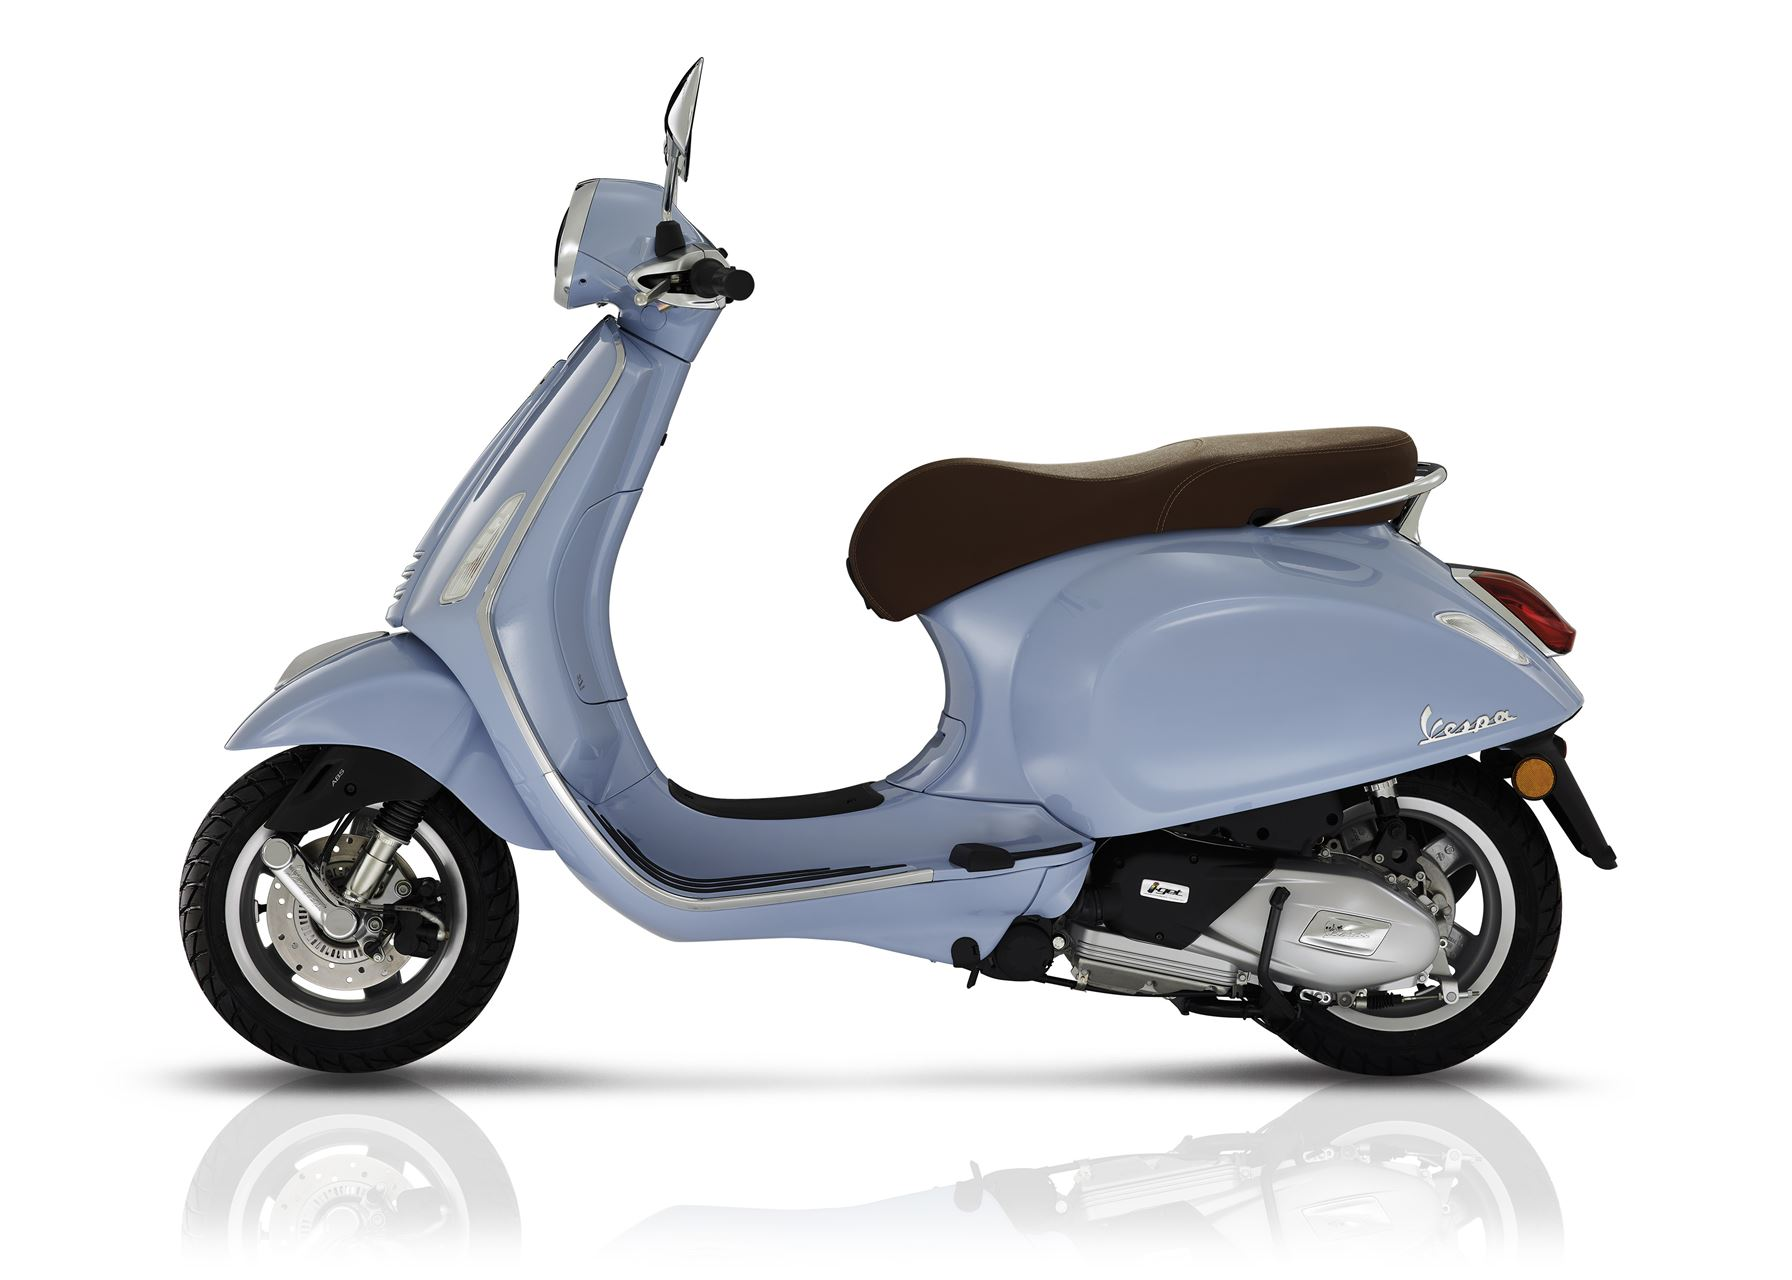 vespa primavera 125 scooter gama 125cc andar de moto. Black Bedroom Furniture Sets. Home Design Ideas
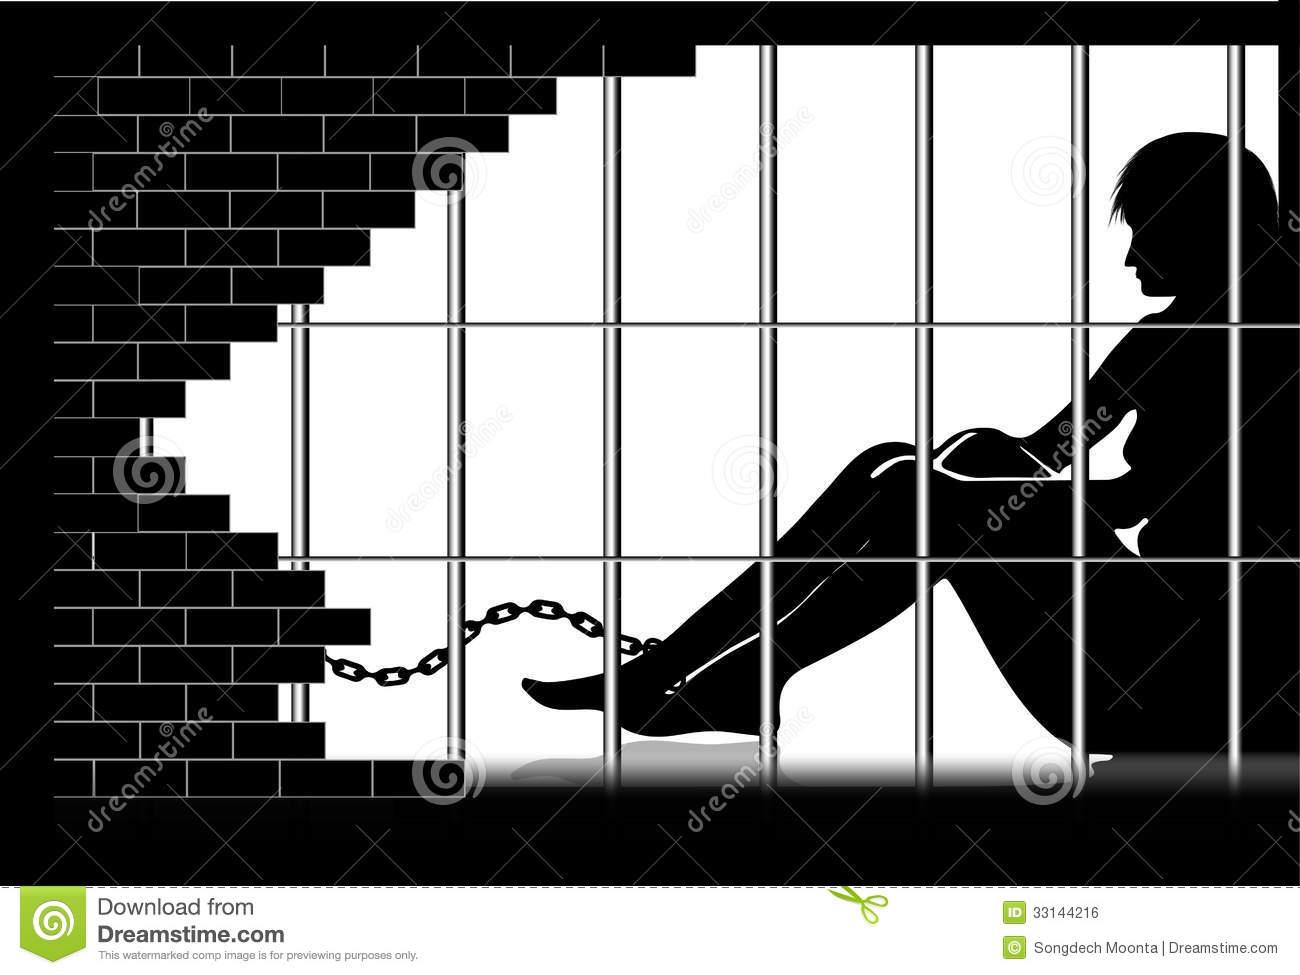 Woman behind bars clipart banner transparent stock Prisoner · Woman Behind Bars - 136*170 - Free Clipart ... banner transparent stock
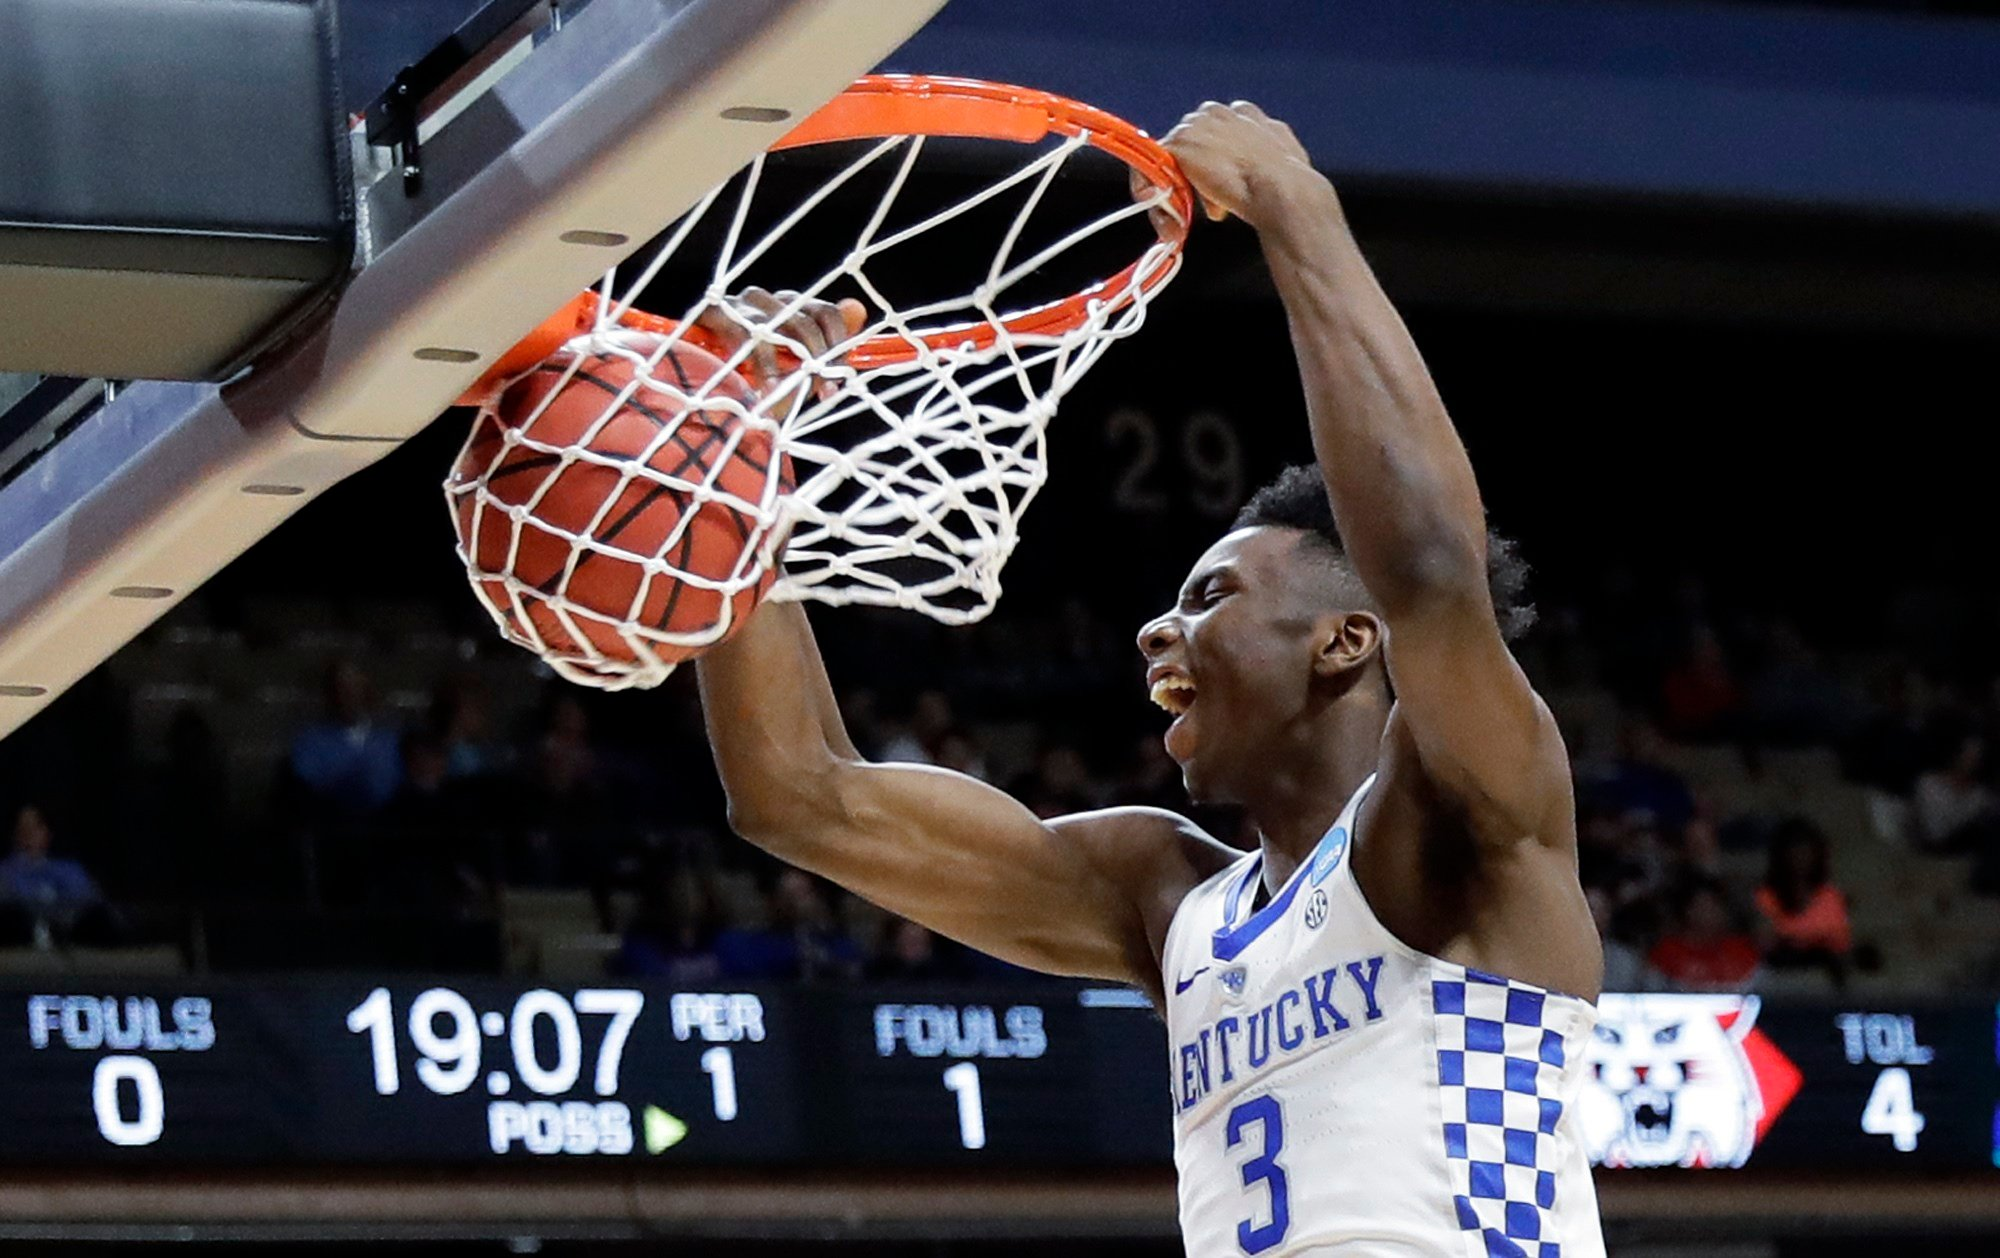 Kentucky tops Davidson despite end to 1047-game 3-pointer streak
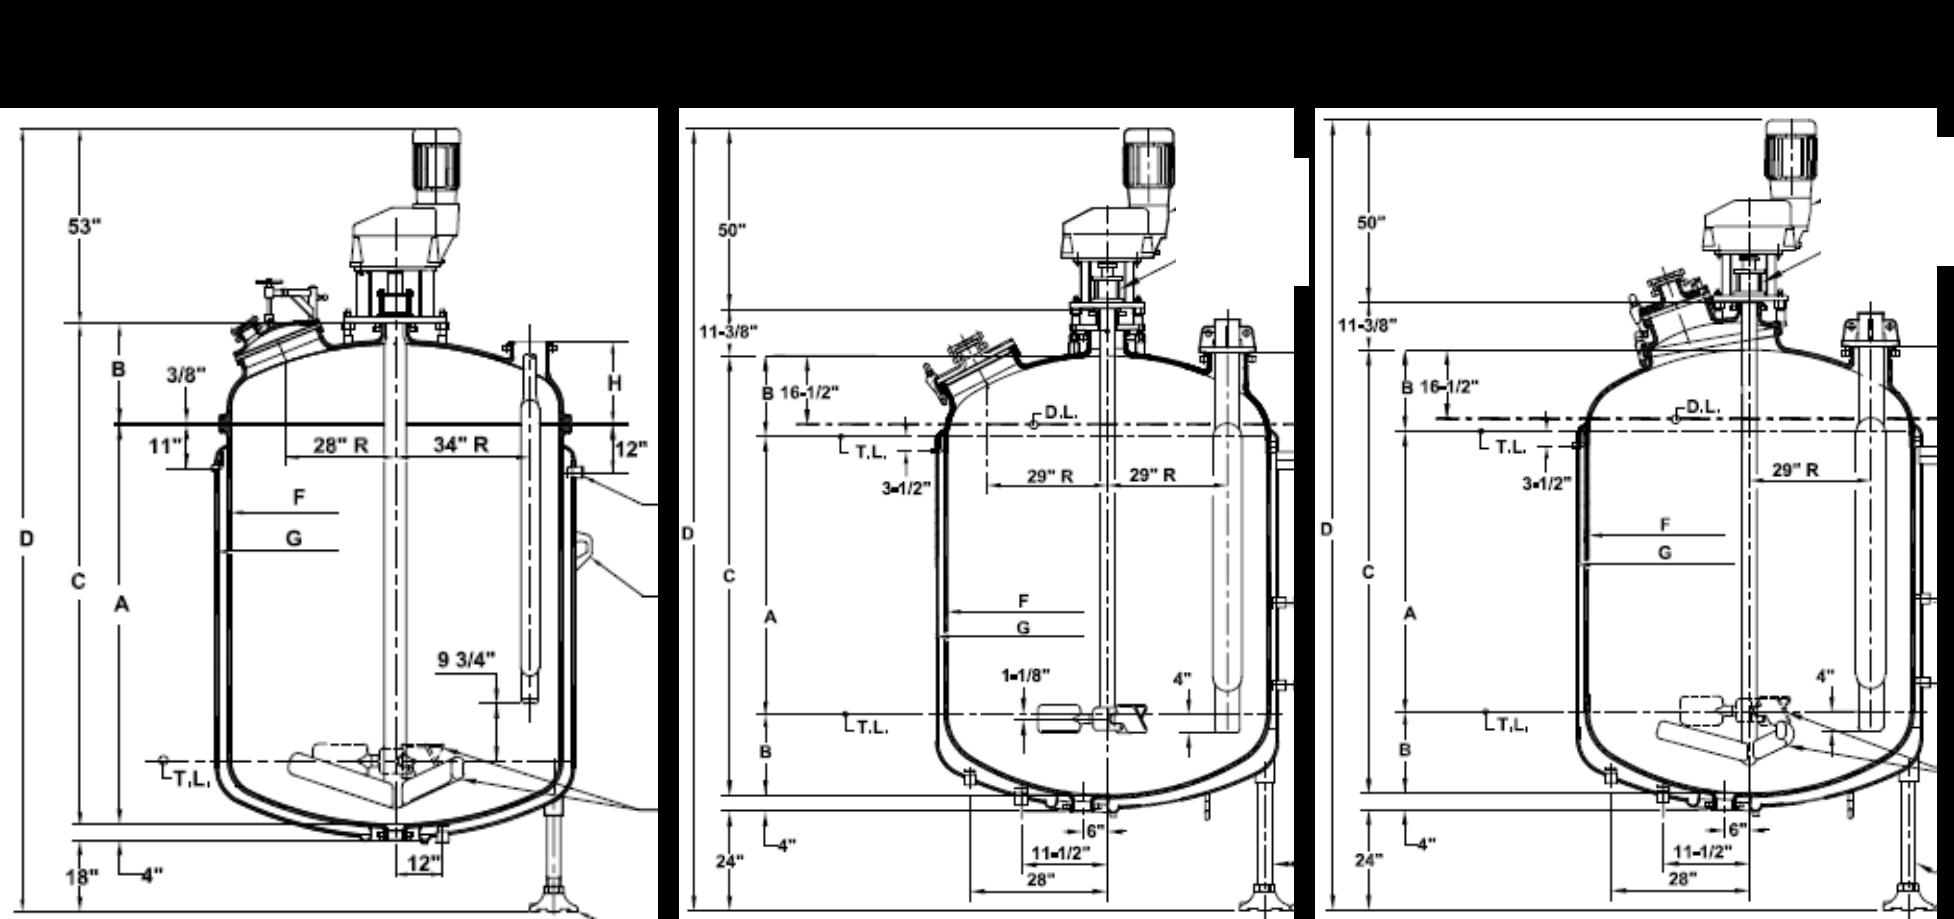 Glass-Lined Reactor Model Comparison
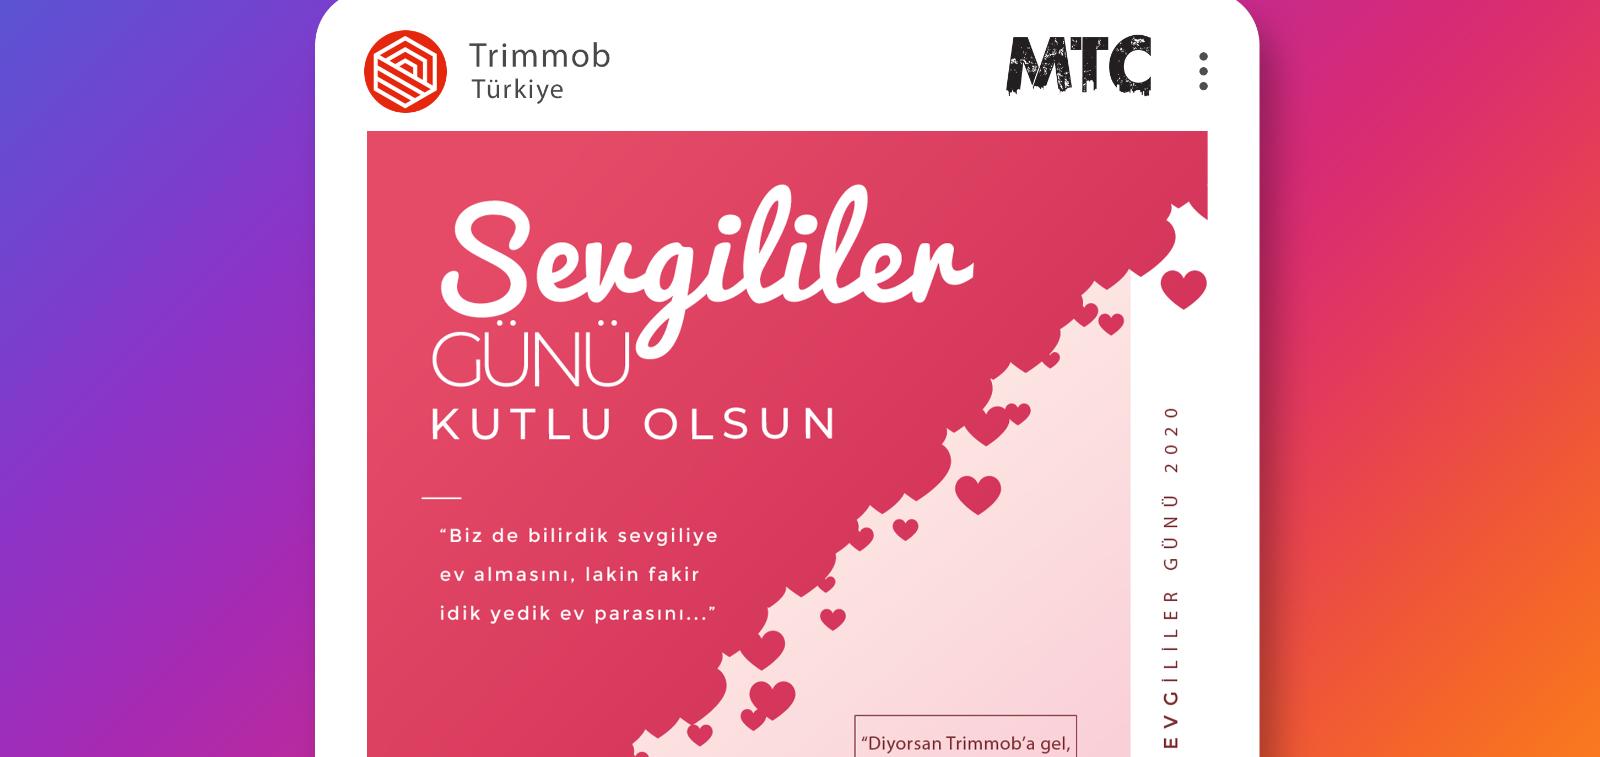 tzn_mhmmd

★ ★ ★ ★ ★ ★ ★

EXERCISE PROMPT – Please restate the entries word for word. Skip the pictures.

EXERCISE OUTPUT –
 vespa primavera 125 scooter gama 125cc andar de moto. Black Bedroom Furniture Sets. Home Design Ideas
 Woman behind bars clipart banner transparent stock Prisoner · Woman Behind Bars - 136*170 - Free Clipart ... banner transparent stock
 Kentucky tops Davidson despite end to 1047-game 3-pointer streak
 Glass-Lined Reactor Model Comparison
 tzn_mhmmd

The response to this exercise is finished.